Пожалуй, самым ценным новым методом определения молекулярного веса является гель-электрофорез в присутствии денатурирующего детергента додецилсульфата натрия. Под действием этого соединения белки не только денатурируют, но и покрываются более или менее ровным слоем детергента [155]. Для получающихся в результате палочковидных молекул обычно характерна примерно одинаковая зависимость электрофоретической подвижности от молекулярного веса. Один из примеров такого рода приведен на рис. 2-39, Б. Здесь тоже молекулярный вес исследуемого белка определяется из сравнения скорости его перемещения со скоростями для ряда белков с известным молекулярным весом [153, 156].

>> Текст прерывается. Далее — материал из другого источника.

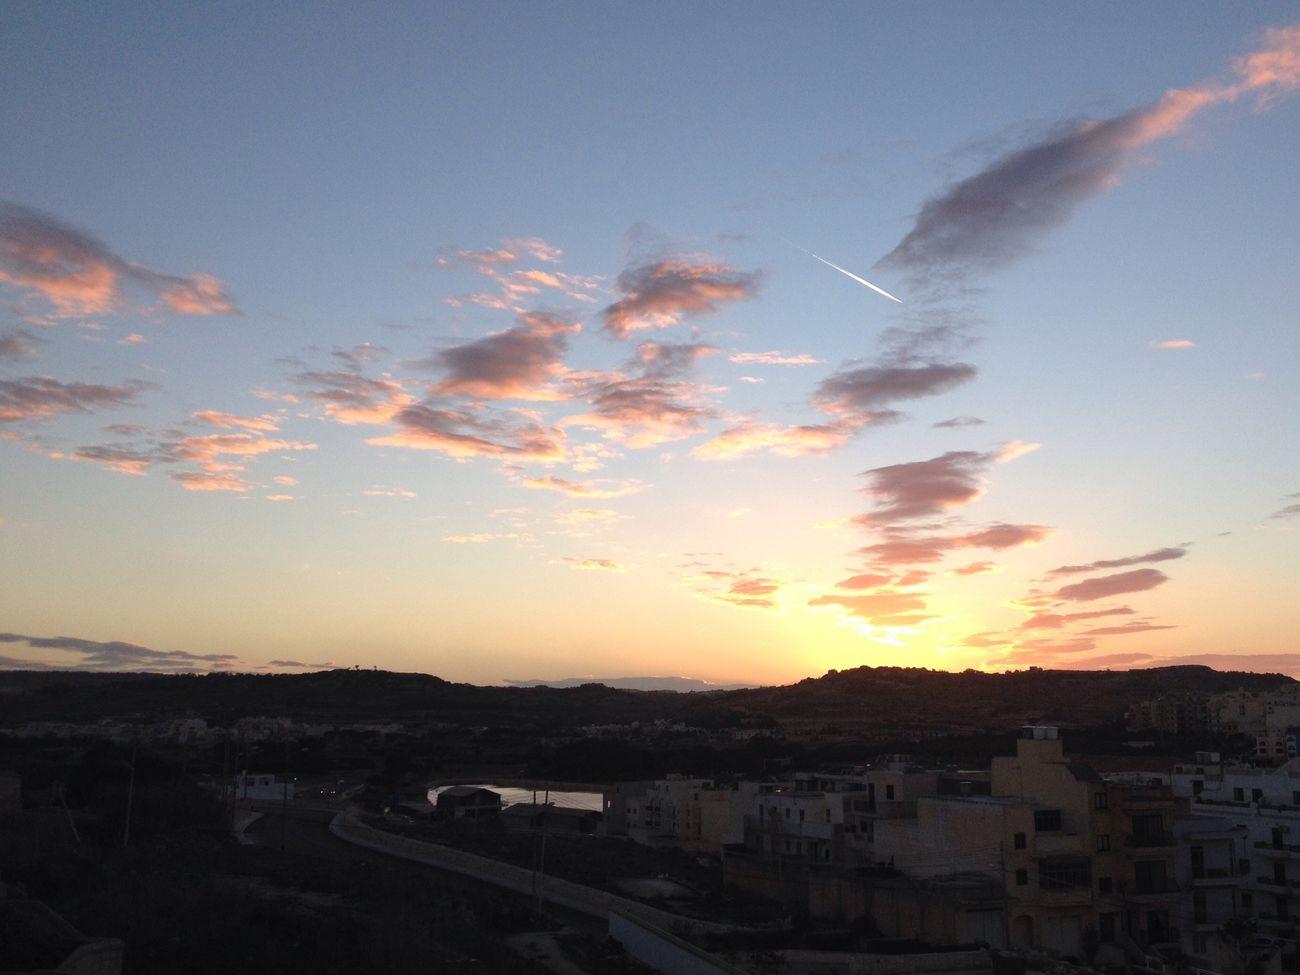 Sky Clouds And Sky Sunset Dusky Sky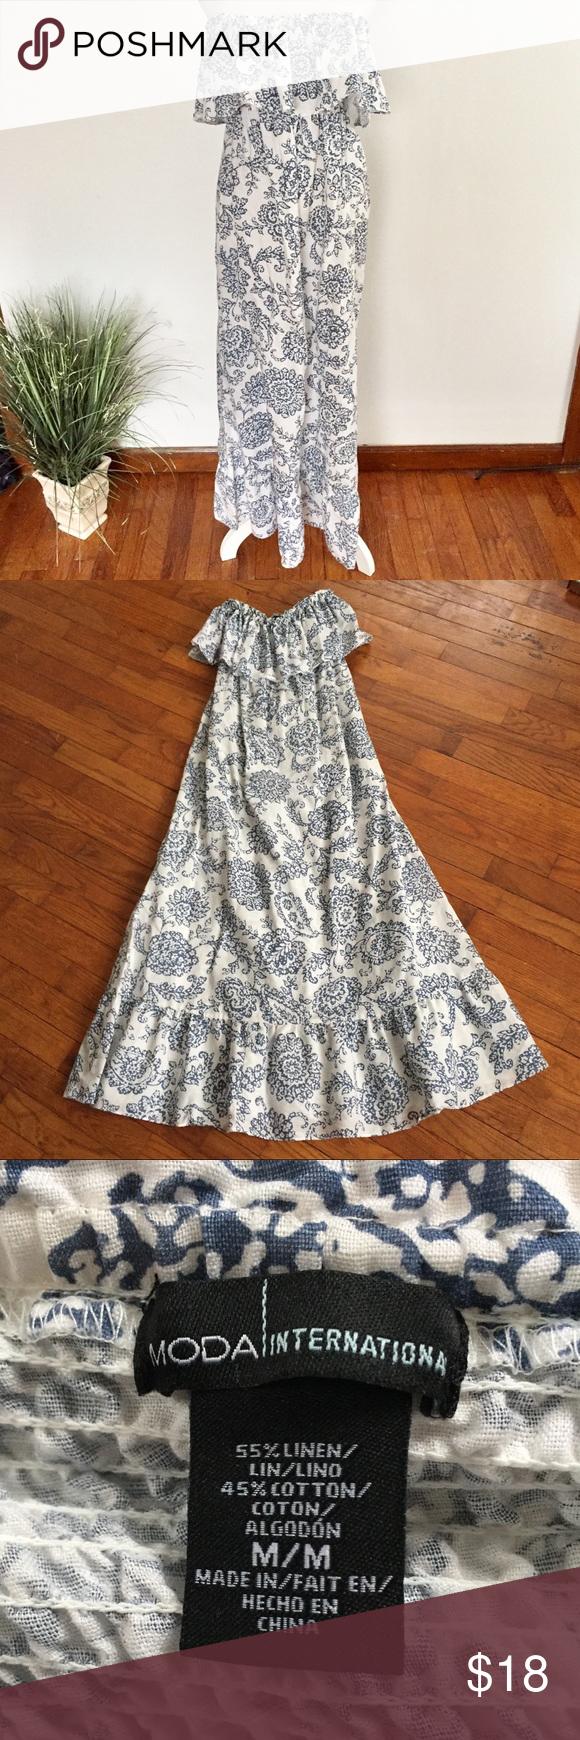 Victoria S Secret Strapless Ruffle Maxi Dress Ruffled Maxi Dress Dresses Maxi Dress [ 1740 x 580 Pixel ]

РИС. 2-39. А. Оценка молекулярного веса азоферредоксина в «нативном» состоянии с помощью фильтрации через сефадекс G-200. Черные кружки указывают положение средней точки пика для белков известного молекулярного веса. Стрелкой отмечено положение азоферредоксина. Материал пика для каждого из белков элюирован в 5— 7 пробирок. Скорость элюции составляла 3,2 мл∙час-1. Элюат в коллекторе фракций распределяли по фракциям объемом в 1,6 мл. Б. Оценка молекулярного веса полипептидной цепи азоферредоксина с помощью электрофореза в полиакриламидном геле, содержащем додецилсульфат натрия. Каждая точка получена из четырех стандартных кривых. Маркерными белками служили каталаза (1), фумараза (2), альдолаза (3), глицеральдегидфосфатдегидрогеназа (4), а-химотрипсиноген А (5) и миоглобин (6). Светлый кружок указывает положение азоферредоксина (Nakos G., Mortenson L., Riochemistry 10 457. 1971).